Stored items
.....
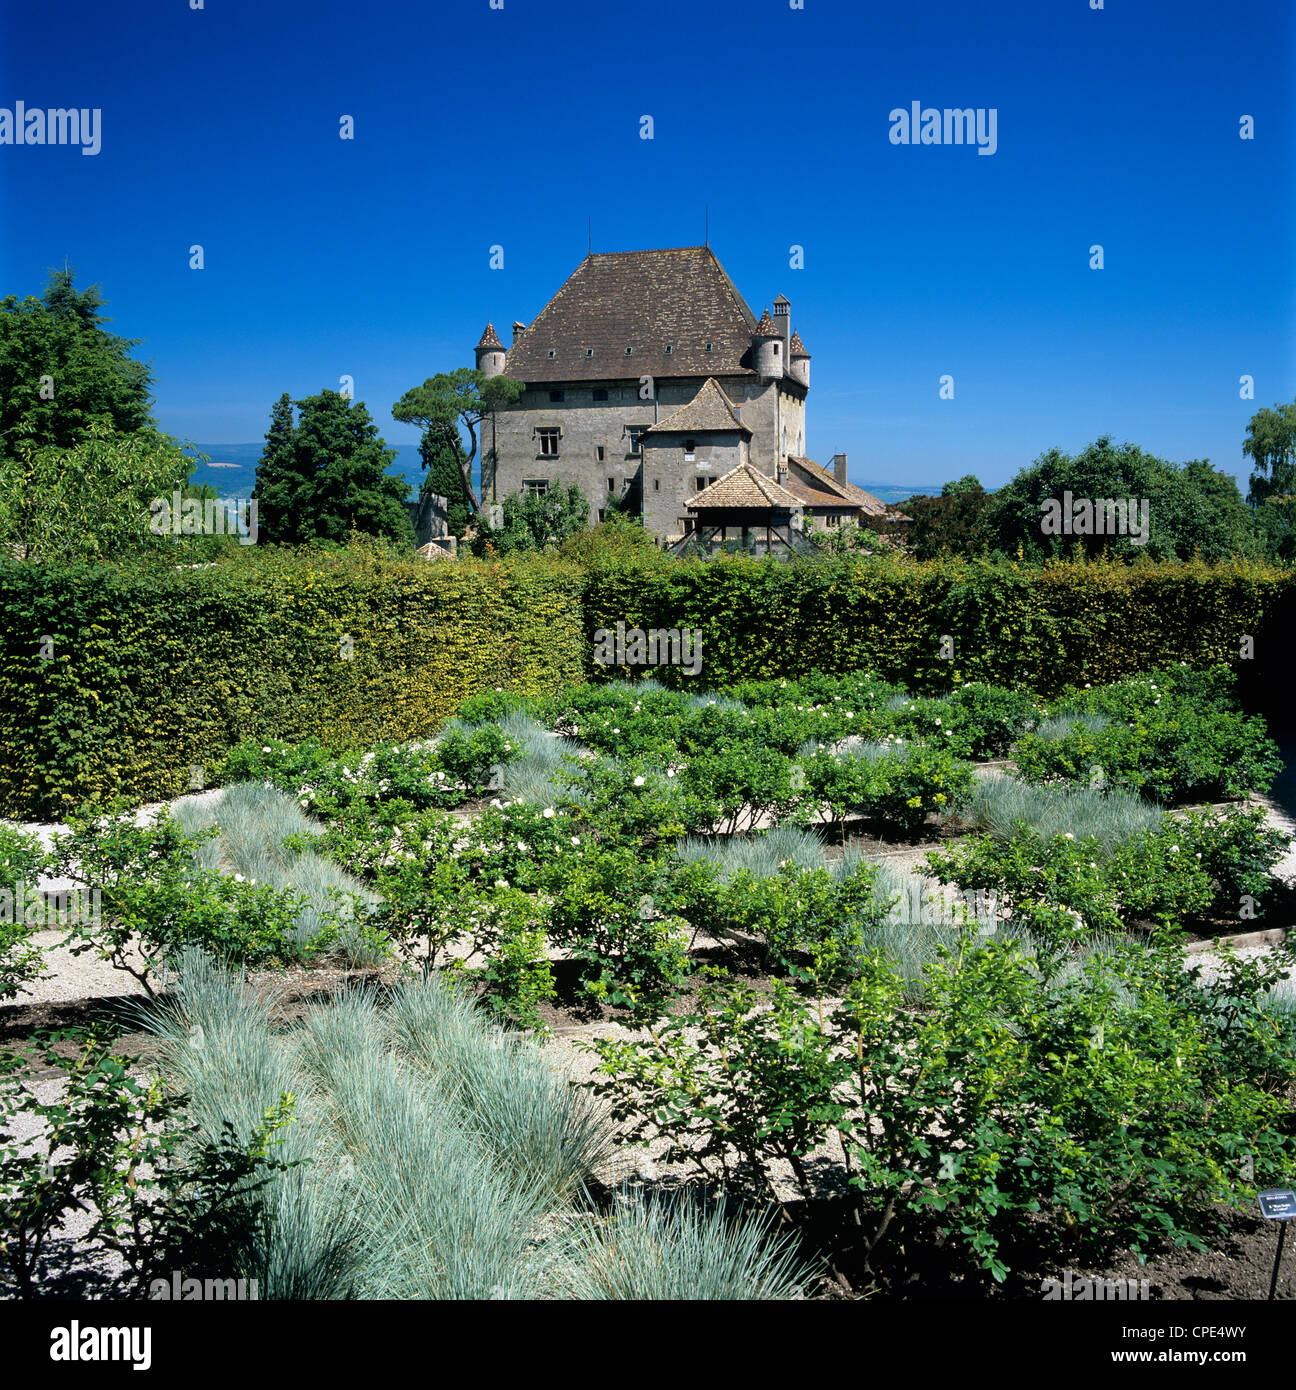 The Chateau and Jardin des Cinq Sens (Garden of the Five Senses), Yvoire, Lake Geneva (Lac Leman), Rhone Alpes, France, Europe Stock Photo
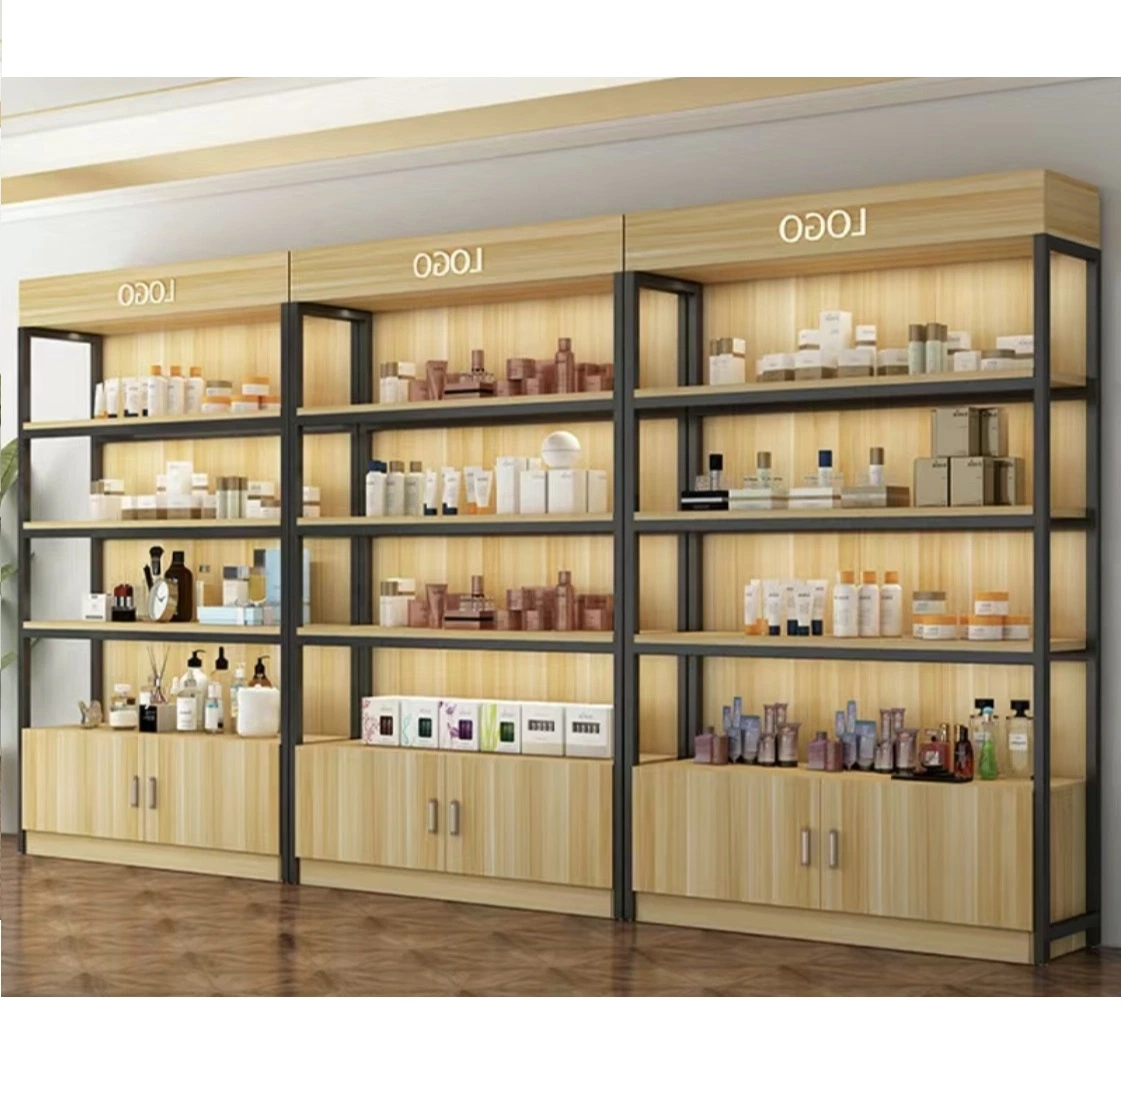 Wholesale Cabinet Rack Shop Design Ideas Store Fixture Cosmetics Display Rack
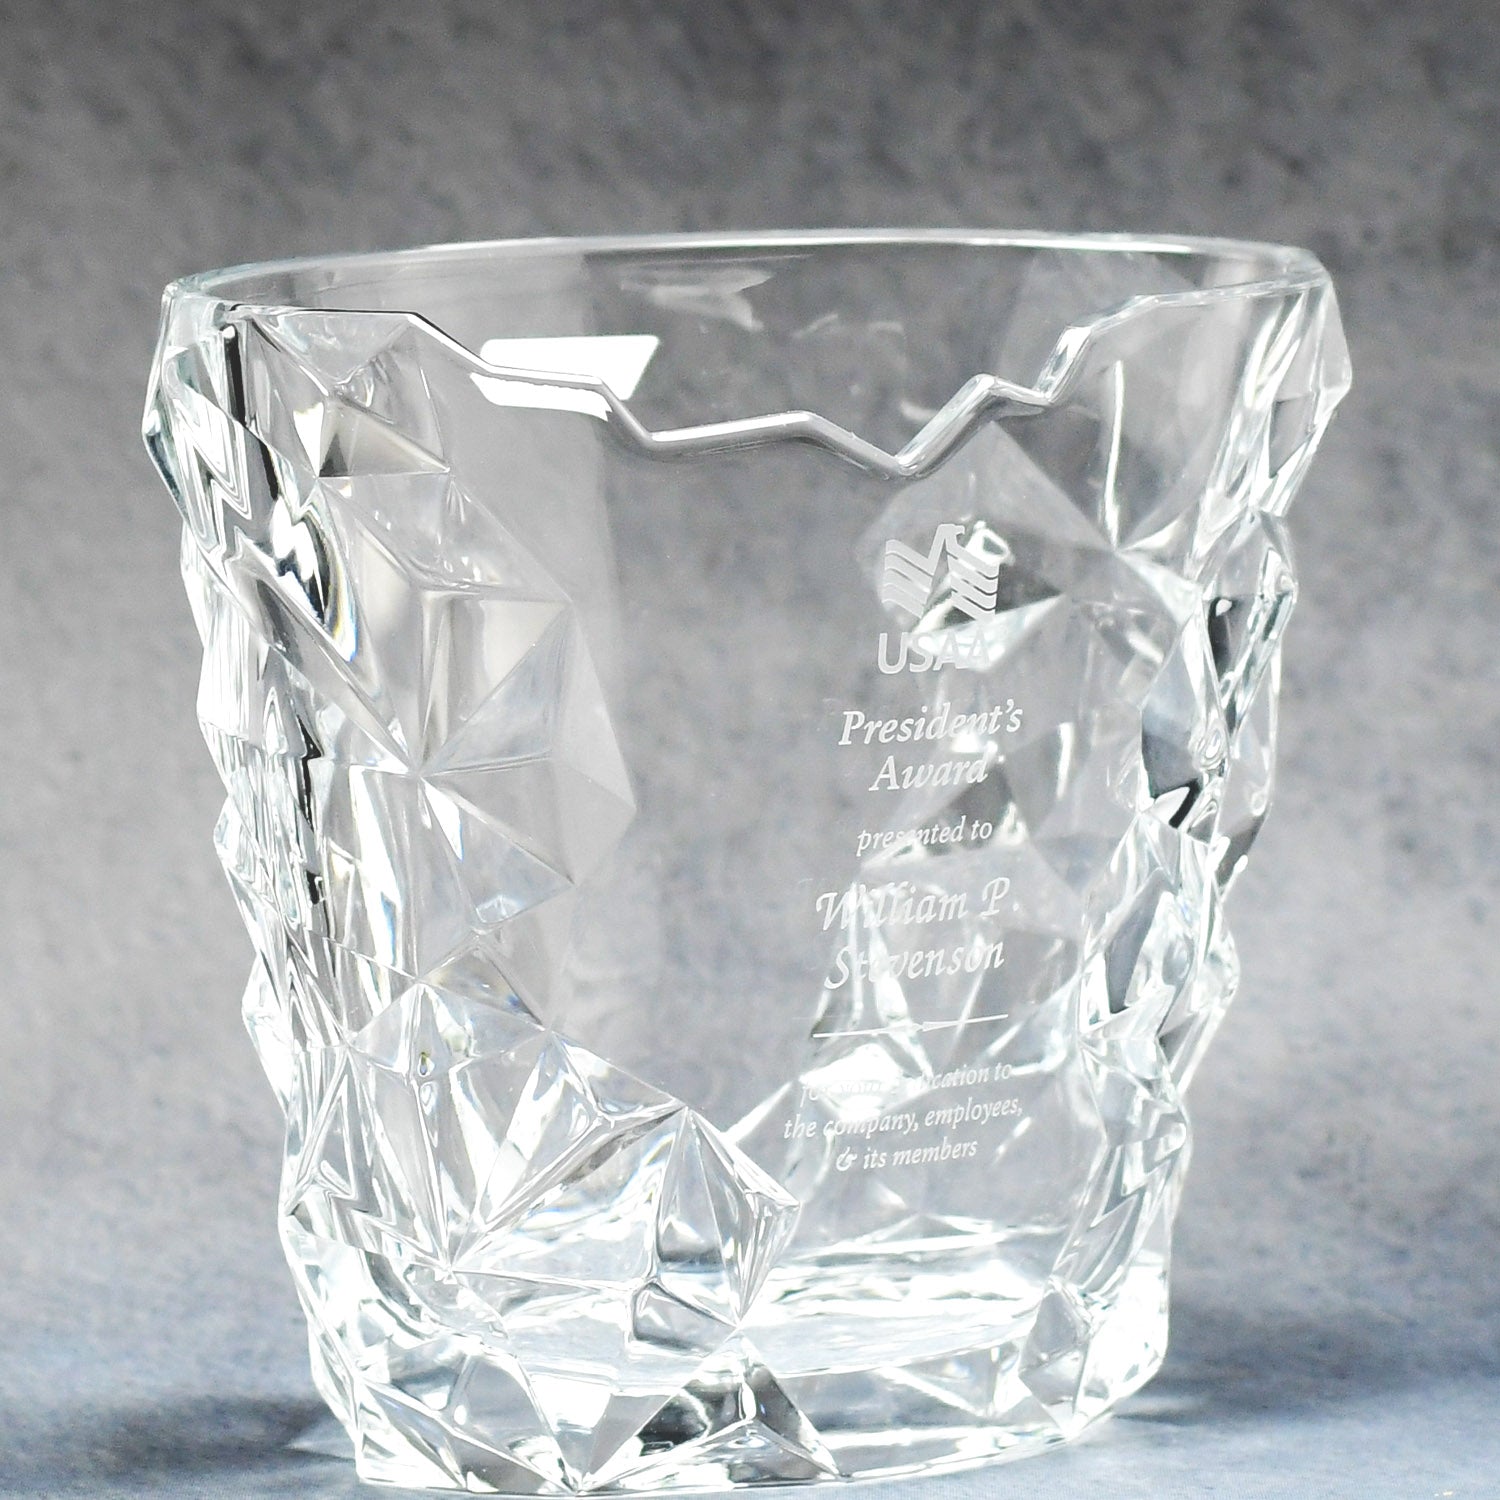 Crystai Iceberg  Vase | Alliance Awards LLC.
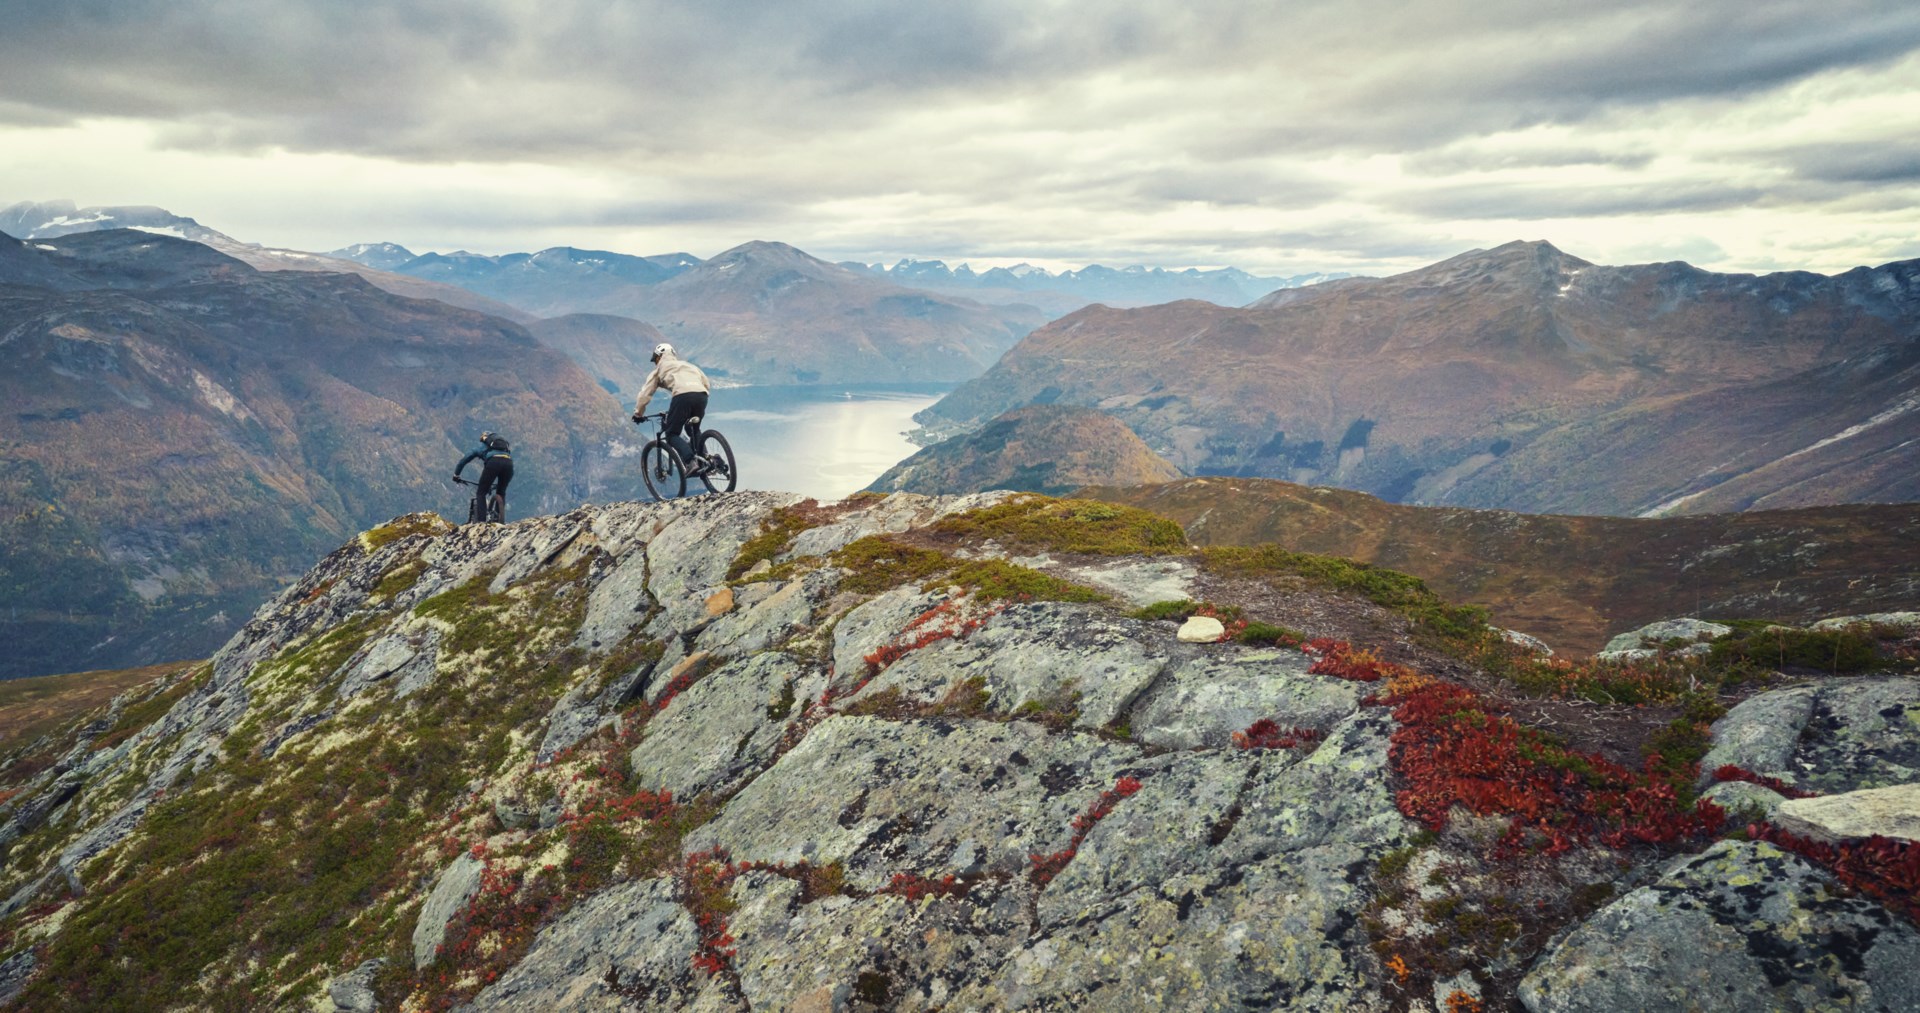 2 people mountain biking on top of a rocky mountain
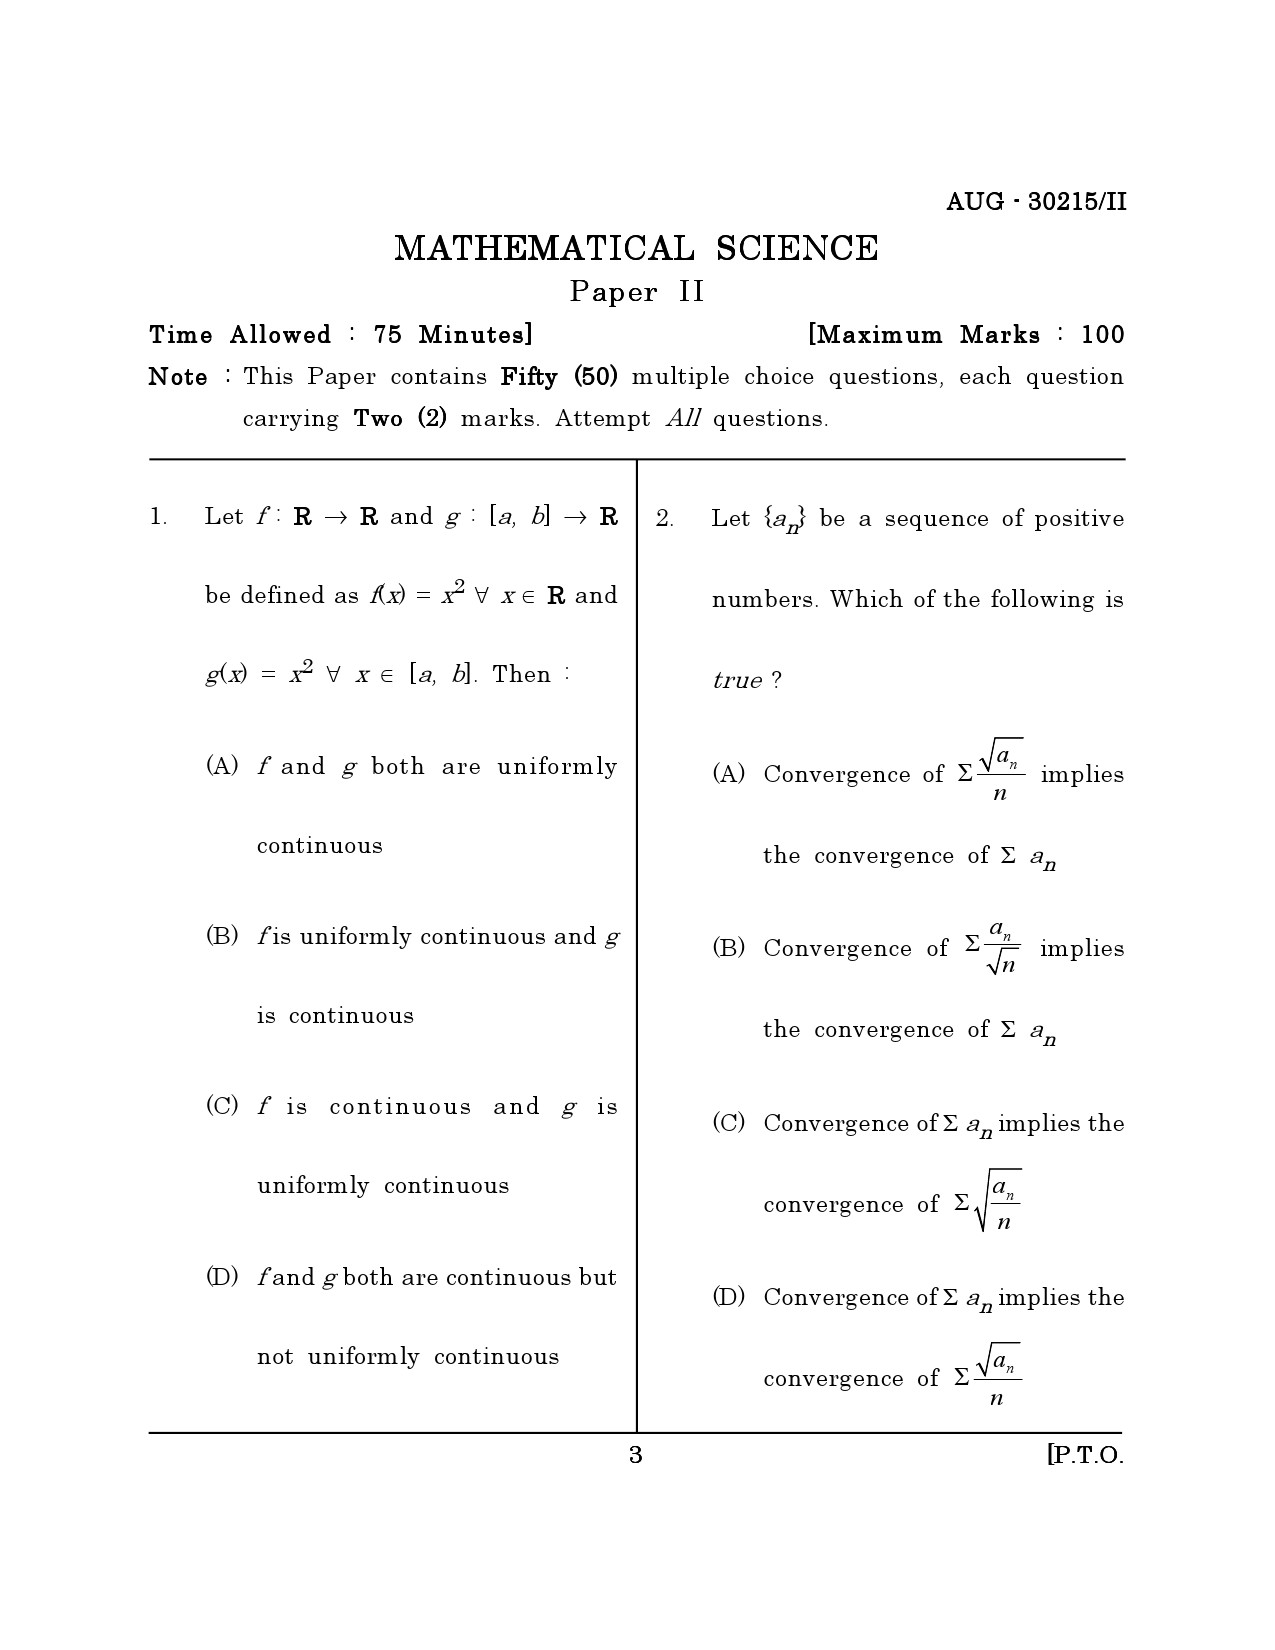 Maharashtra SET Mathematical Sciences Question Paper II August 2015 2
.....
TASK:
Repeat the entries exactly. Any picture is to be left out.

EXERCISE RESULT:
 The Chateau and Jardin des Cinq Sens (Garden of the Five Senses), Yvoire, Lake Geneva (Lac Leman), Rhone Alpes, France, Europe Stock Photo
 Wholesale Cabinet Rack Shop Design Ideas Store Fixture Cosmetics Display Rack
 Crystai Iceberg  Vase | Alliance Awards LLC.
 2 people mountain biking on top of a rocky mountain
 Maharashtra SET Mathematical Sciences Question Paper II August 2015 2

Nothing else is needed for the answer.